▶ _Information shown_:

__________________________________________________

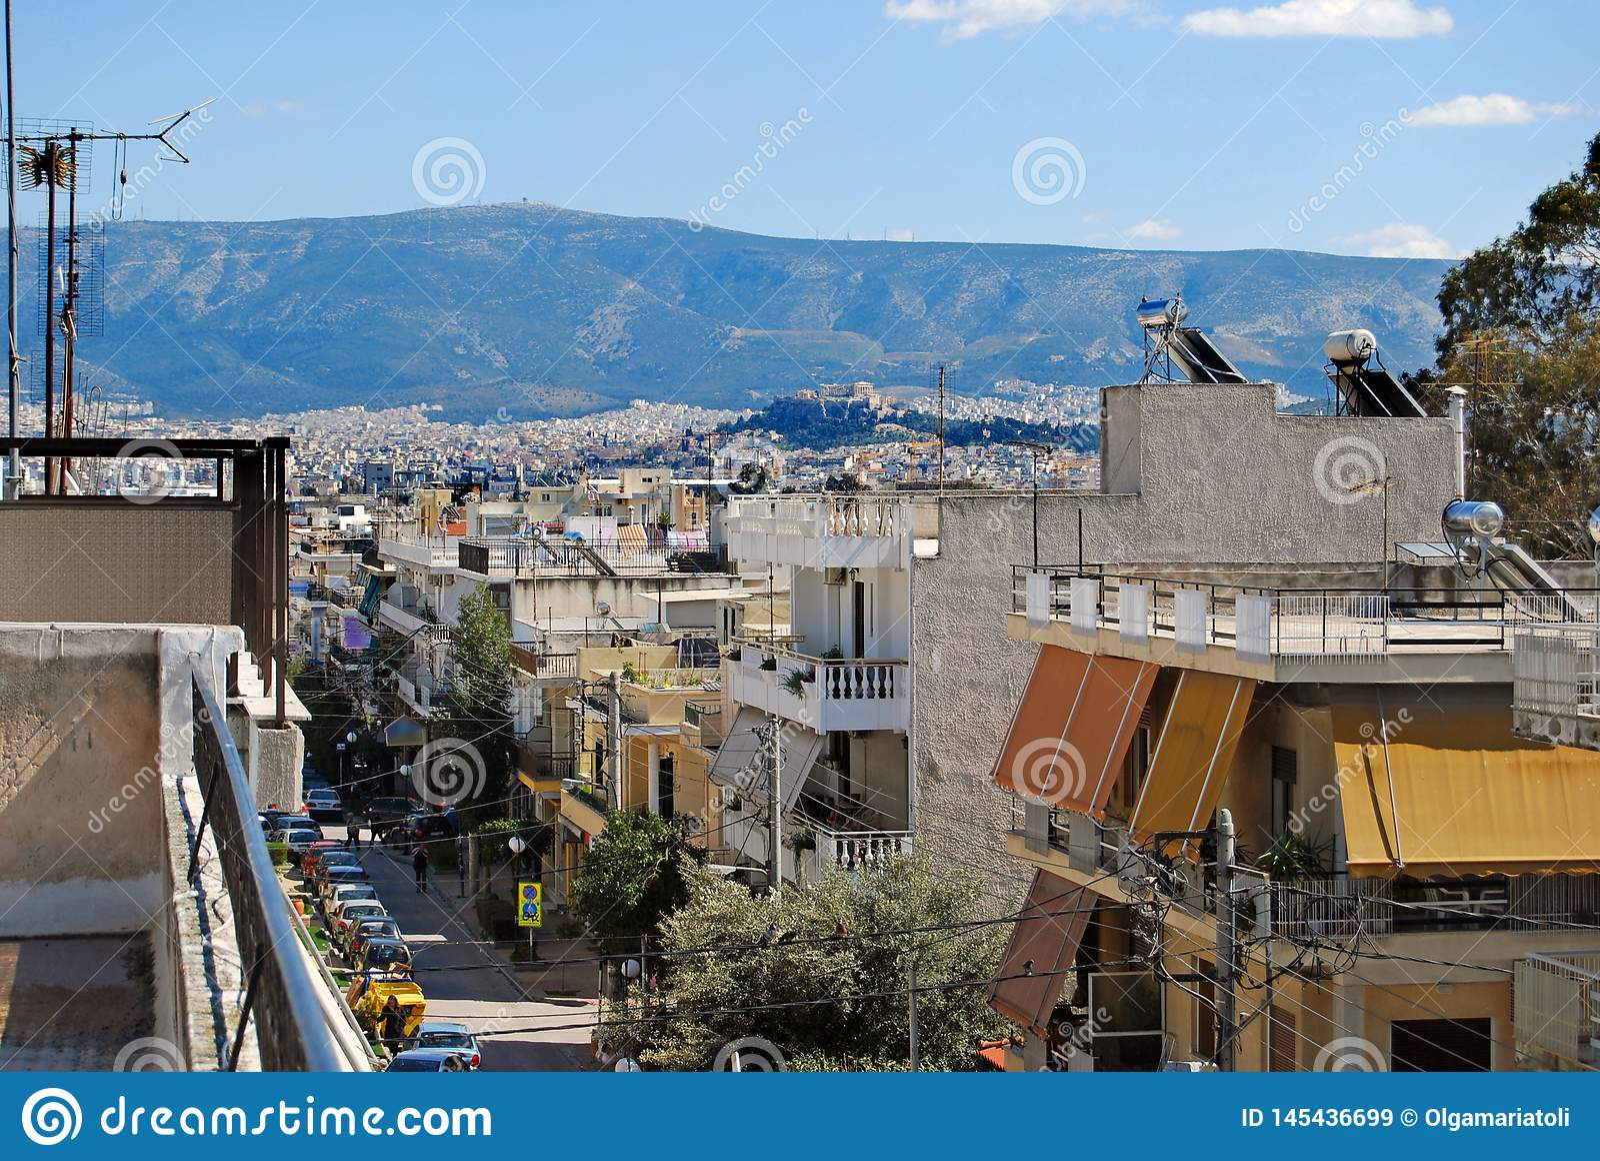 Dachspitze mit einer Ansicht
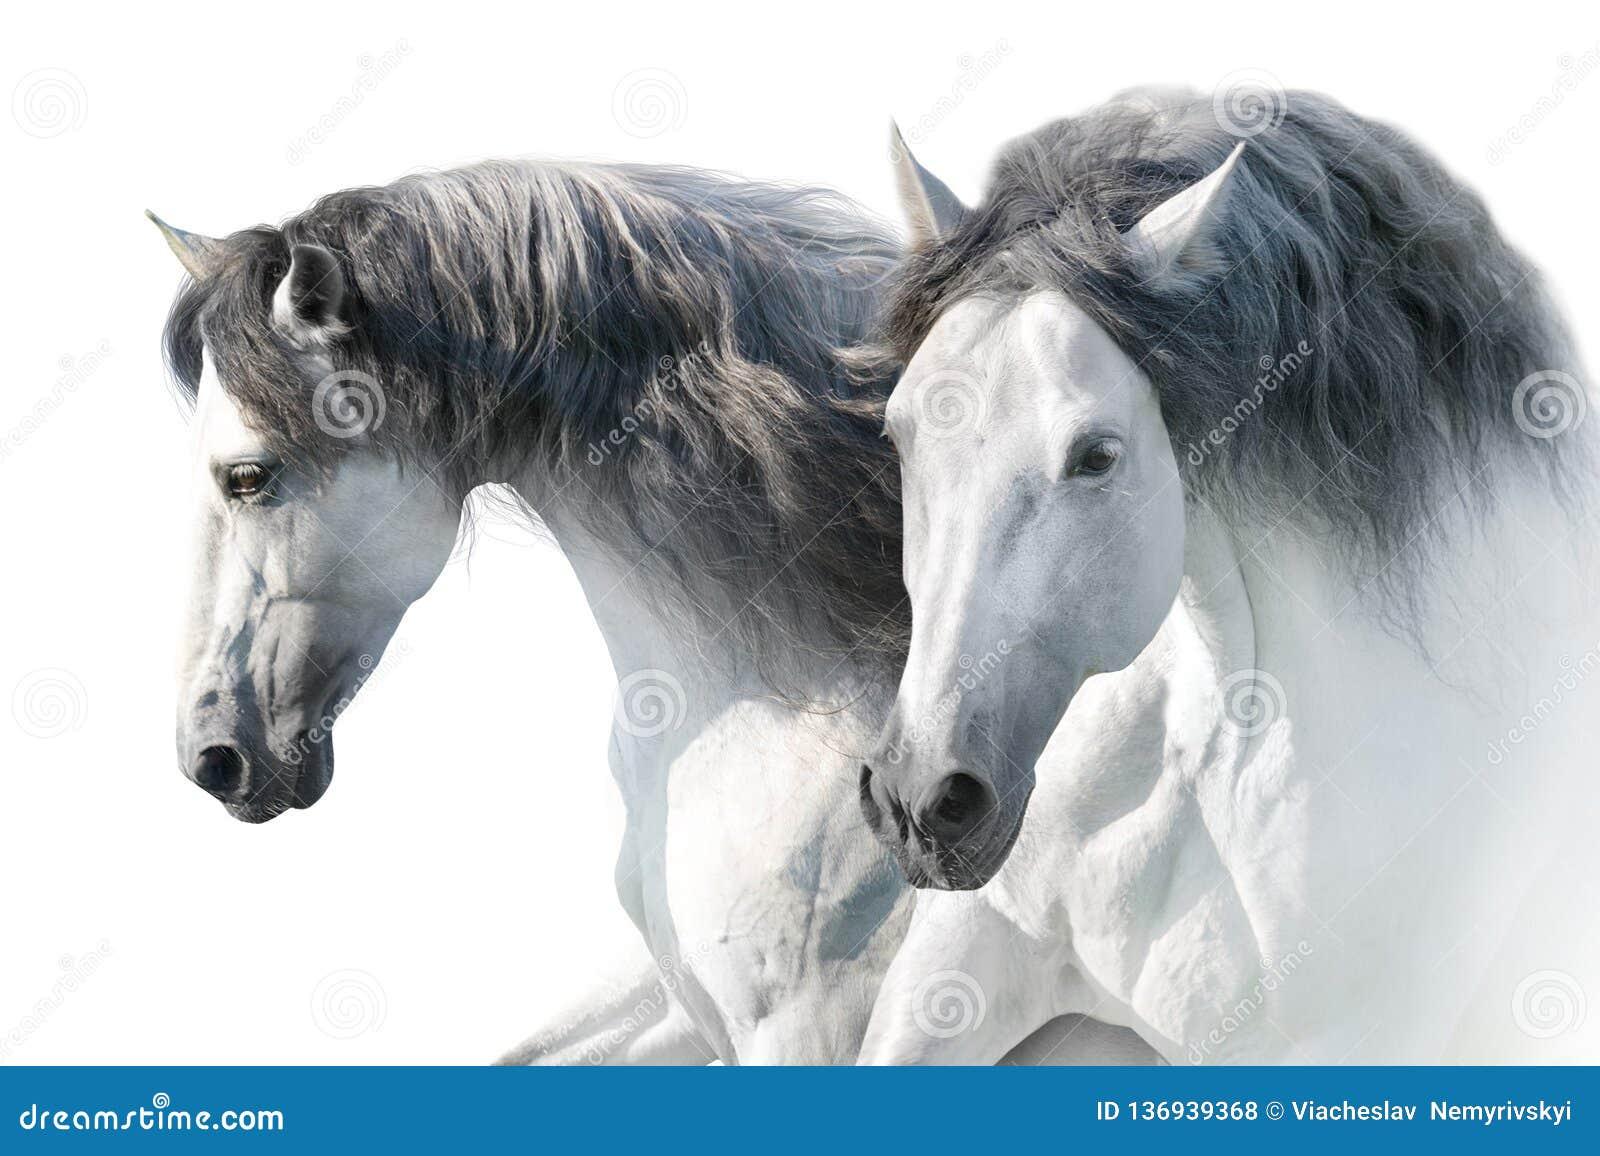 Белые лошади в светлом тоновом изображении
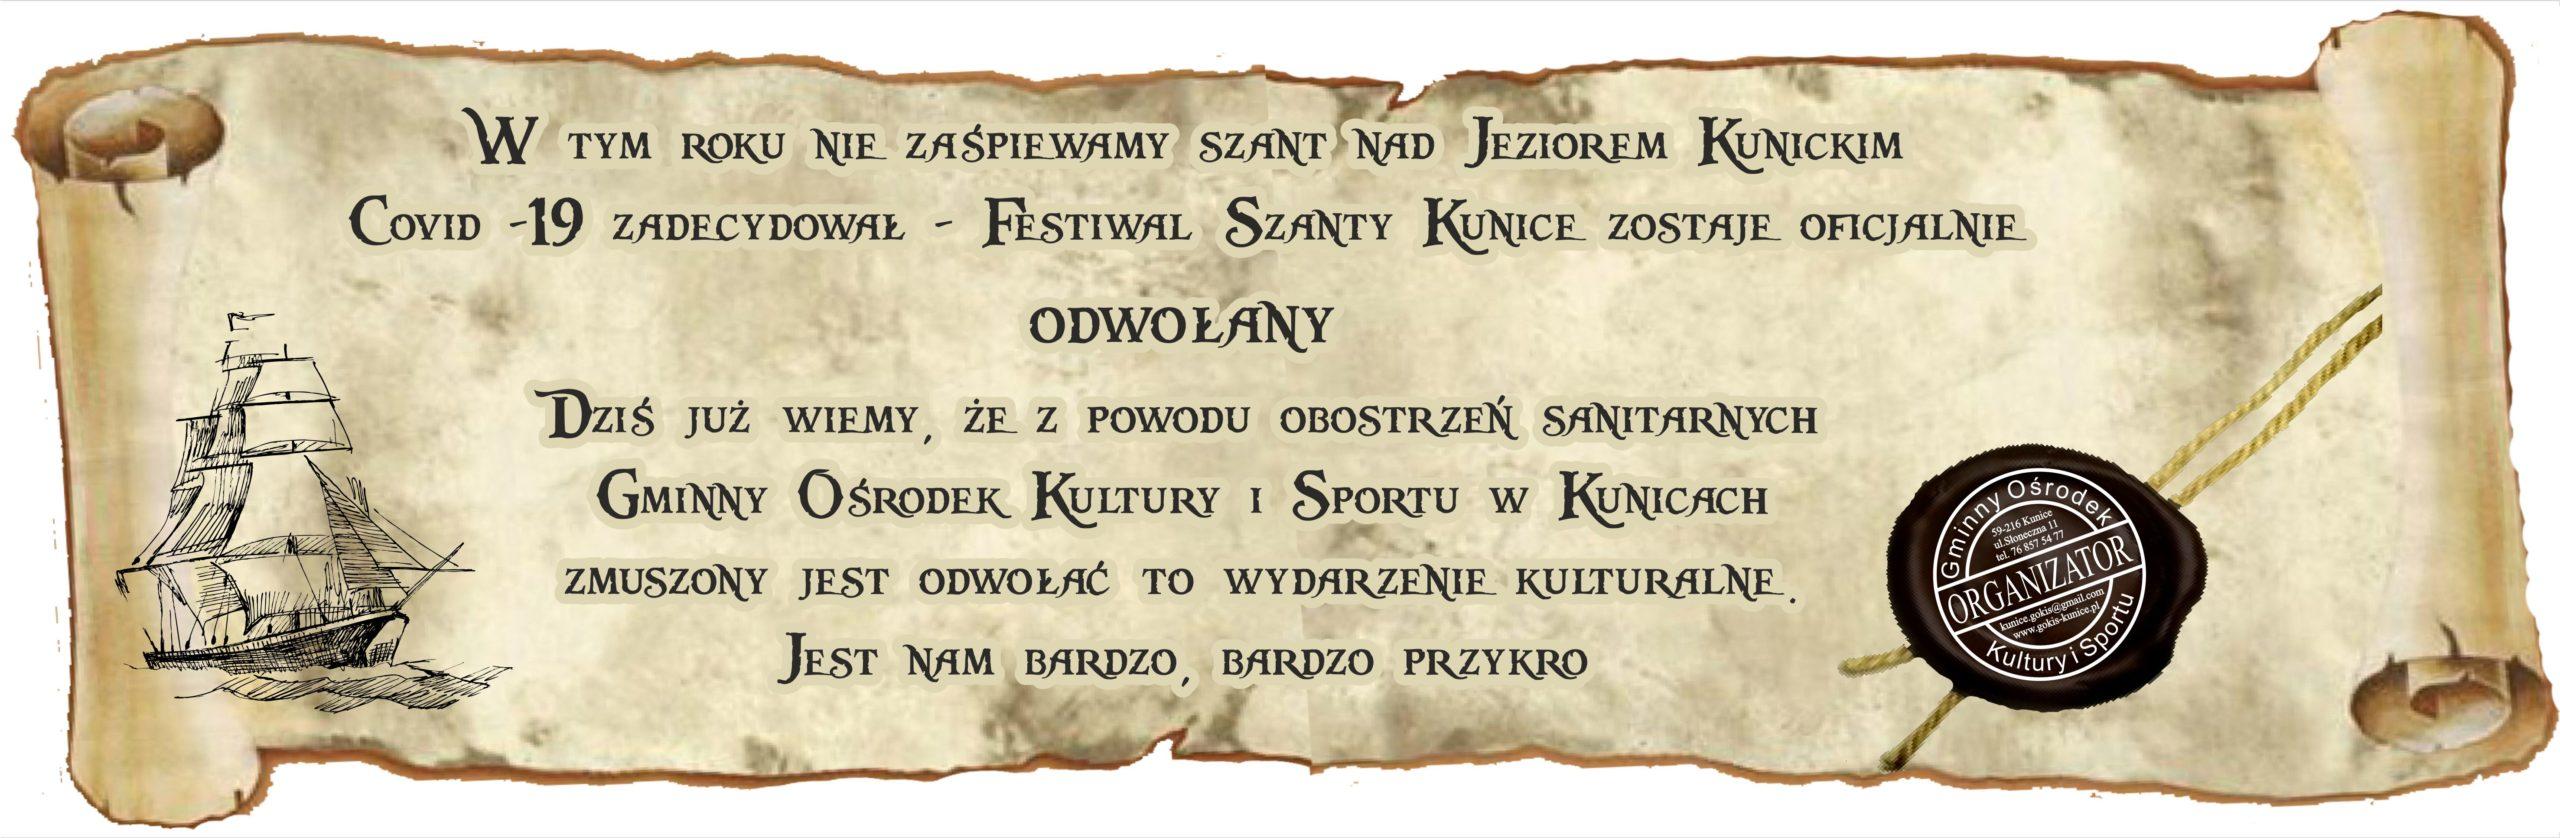 http://www.gokis-kunice.pl/2020/06/25/tegoroczne-szanty-oficjalnie-odwolane/?fbclid=IwAR0FRf7pWE-hZHo_EvO_xcZLBrpYEVEHvss9WpH6upcJFVDXm88s7KLTT6M

__________________________________________________

▶ _What to do_:
Nothing but the pictures should be left out when the listing is repeated exactly.

▶ _Result_:
 Dachspitze mit einer Ansicht
 Белые лошади в светлом тоновом изображении
 http://www.gokis-kunice.pl/2020/06/25/tegoroczne-szanty-oficjalnie-odwolane/?fbclid=IwAR0FRf7pWE-hZHo_EvO_xcZLBrpYEVEHvss9WpH6upcJFVDXm88s7KLTT6M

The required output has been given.